§ TASK GOAL
Transcribe the records below exactly.

>>>

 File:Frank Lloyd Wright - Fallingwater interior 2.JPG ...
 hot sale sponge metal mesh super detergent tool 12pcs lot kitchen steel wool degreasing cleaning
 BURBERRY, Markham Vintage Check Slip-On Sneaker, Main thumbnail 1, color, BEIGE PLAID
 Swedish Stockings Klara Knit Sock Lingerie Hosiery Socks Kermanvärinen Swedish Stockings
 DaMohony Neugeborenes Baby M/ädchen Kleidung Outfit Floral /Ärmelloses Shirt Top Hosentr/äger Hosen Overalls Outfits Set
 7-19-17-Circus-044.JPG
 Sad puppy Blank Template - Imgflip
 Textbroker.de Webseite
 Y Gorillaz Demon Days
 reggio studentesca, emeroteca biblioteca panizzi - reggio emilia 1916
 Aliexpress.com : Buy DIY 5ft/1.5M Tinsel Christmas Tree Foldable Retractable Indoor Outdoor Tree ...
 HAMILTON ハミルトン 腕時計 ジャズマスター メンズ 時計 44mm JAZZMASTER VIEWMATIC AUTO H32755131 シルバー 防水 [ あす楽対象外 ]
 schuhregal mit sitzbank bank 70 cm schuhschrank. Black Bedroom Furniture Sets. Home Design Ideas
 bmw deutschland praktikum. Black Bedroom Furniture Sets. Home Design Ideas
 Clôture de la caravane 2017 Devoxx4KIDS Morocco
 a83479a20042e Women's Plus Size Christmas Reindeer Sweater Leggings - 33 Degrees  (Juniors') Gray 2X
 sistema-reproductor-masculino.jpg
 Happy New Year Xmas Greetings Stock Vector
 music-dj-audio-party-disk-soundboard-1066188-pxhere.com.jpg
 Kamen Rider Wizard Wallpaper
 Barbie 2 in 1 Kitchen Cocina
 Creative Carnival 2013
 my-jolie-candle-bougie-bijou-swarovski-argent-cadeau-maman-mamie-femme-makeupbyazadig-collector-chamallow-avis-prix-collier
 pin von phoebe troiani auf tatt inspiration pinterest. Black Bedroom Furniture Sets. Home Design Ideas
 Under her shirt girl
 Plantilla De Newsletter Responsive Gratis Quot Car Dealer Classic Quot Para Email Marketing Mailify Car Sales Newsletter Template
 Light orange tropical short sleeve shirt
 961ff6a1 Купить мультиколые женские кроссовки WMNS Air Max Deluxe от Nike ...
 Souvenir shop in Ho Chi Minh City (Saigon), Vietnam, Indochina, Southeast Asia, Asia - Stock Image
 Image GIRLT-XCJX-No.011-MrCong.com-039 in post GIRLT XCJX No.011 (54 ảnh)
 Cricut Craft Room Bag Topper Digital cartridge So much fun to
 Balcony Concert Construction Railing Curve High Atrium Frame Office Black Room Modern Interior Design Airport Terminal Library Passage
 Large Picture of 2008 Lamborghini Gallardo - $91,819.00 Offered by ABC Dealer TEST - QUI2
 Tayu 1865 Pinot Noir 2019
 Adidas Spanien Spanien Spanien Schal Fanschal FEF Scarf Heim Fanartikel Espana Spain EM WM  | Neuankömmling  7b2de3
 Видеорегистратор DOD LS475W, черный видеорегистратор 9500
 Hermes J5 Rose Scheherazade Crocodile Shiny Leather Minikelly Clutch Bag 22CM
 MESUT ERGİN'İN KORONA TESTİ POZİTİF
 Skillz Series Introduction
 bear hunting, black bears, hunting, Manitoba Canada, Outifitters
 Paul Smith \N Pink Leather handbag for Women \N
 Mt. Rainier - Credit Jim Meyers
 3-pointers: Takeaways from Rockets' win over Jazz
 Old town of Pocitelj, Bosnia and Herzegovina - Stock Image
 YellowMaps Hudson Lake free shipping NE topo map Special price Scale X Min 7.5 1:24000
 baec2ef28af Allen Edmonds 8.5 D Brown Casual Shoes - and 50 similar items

<<<

§ TASK RESPONSE
 File:Frank Lloyd Wright - Fallingwater interior 2.JPG ...
 hot sale sponge metal mesh super detergent tool 12pcs lot kitchen steel wool degreasing cleaning
 BURBERRY, Markham Vintage Check Slip-On Sneaker, Main thumbnail 1, color, BEIGE PLAID
 Swedish Stockings Klara Knit Sock Lingerie Hosiery Socks Kermanvärinen Swedish Stockings
 DaMohony Neugeborenes Baby M/ädchen Kleidung Outfit Floral /Ärmelloses Shirt Top Hosentr/äger Hosen Overalls Outfits Set
 7-19-17-Circus-044.JPG
 Sad puppy Blank Template - Imgflip
 Textbroker.de Webseite
 Y Gorillaz Demon Days
 reggio studentesca, emeroteca biblioteca panizzi - reggio emilia 1916
 Aliexpress.com : Buy DIY 5ft/1.5M Tinsel Christmas Tree Foldable Retractable Indoor Outdoor Tree ...
 HAMILTON ハミルトン 腕時計 ジャズマスター メンズ 時計 44mm JAZZMASTER VIEWMATIC AUTO H32755131 シルバー 防水 [ あす楽対象外 ]
 schuhregal mit sitzbank bank 70 cm schuhschrank. Black Bedroom Furniture Sets. Home Design Ideas
 bmw deutschland praktikum. Black Bedroom Furniture Sets. Home Design Ideas
 Clôture de la caravane 2017 Devoxx4KIDS Morocco
 a83479a20042e Women's Plus Size Christmas Reindeer Sweater Leggings - 33 Degrees  (Juniors') Gray 2X
 sistema-reproductor-masculino.jpg
 Happy New Year Xmas Greetings Stock Vector
 music-dj-audio-party-disk-soundboard-1066188-pxhere.com.jpg
 Kamen Rider Wizard Wallpaper
 Barbie 2 in 1 Kitchen Cocina
 Creative Carnival 2013
 my-jolie-candle-bougie-bijou-swarovski-argent-cadeau-maman-mamie-femme-makeupbyazadig-collector-chamallow-avis-prix-collier
 pin von phoebe troiani auf tatt inspiration pinterest. Black Bedroom Furniture Sets. Home Design Ideas
 Under her shirt girl
 Plantilla De Newsletter Responsive Gratis Quot Car Dealer Classic Quot Para Email Marketing Mailify Car Sales Newsletter Template
 Light orange tropical short sleeve shirt
 961ff6a1 Купить мультиколые женские кроссовки WMNS Air Max Deluxe от Nike ...
 Souvenir shop in Ho Chi Minh City (Saigon), Vietnam, Indochina, Southeast Asia, Asia - Stock Image
 Image GIRLT-XCJX-No.011-MrCong.com-039 in post GIRLT XCJX No.011 (54 ảnh)
 Cricut Craft Room Bag Topper Digital cartridge So much fun to
 Balcony Concert Construction Railing Curve High Atrium Frame Office Black Room Modern Interior Design Airport Terminal Library Passage
 Large Picture of 2008 Lamborghini Gallardo - $91,819.00 Offered by ABC Dealer TEST - QUI2
 Tayu 1865 Pinot Noir 2019
 Adidas Spanien Spanien Spanien Schal Fanschal FEF Scarf Heim Fanartikel Espana Spain EM WM  | Neuankömmling  7b2de3
 Видеорегистратор DOD LS475W, черный видеорегистратор 9500
 Hermes J5 Rose Scheherazade Crocodile Shiny Leather Minikelly Clutch Bag 22CM
 MESUT ERGİN'İN KORONA TESTİ POZİTİF
 Skillz Series Introduction
 bear hunting, black bears, hunting, Manitoba Canada, Outifitters
 Paul Smith \N Pink Leather handbag for Women \N
 Mt. Rainier - Credit Jim Meyers
 3-pointers: Takeaways from Rockets' win over Jazz
 Old town of Pocitelj, Bosnia and Herzegovina - Stock Image
 YellowMaps Hudson Lake free shipping NE topo map Special price Scale X Min 7.5 1:24000
 baec2ef28af Allen Edmonds 8.5 D Brown Casual Shoes - and 50 similar items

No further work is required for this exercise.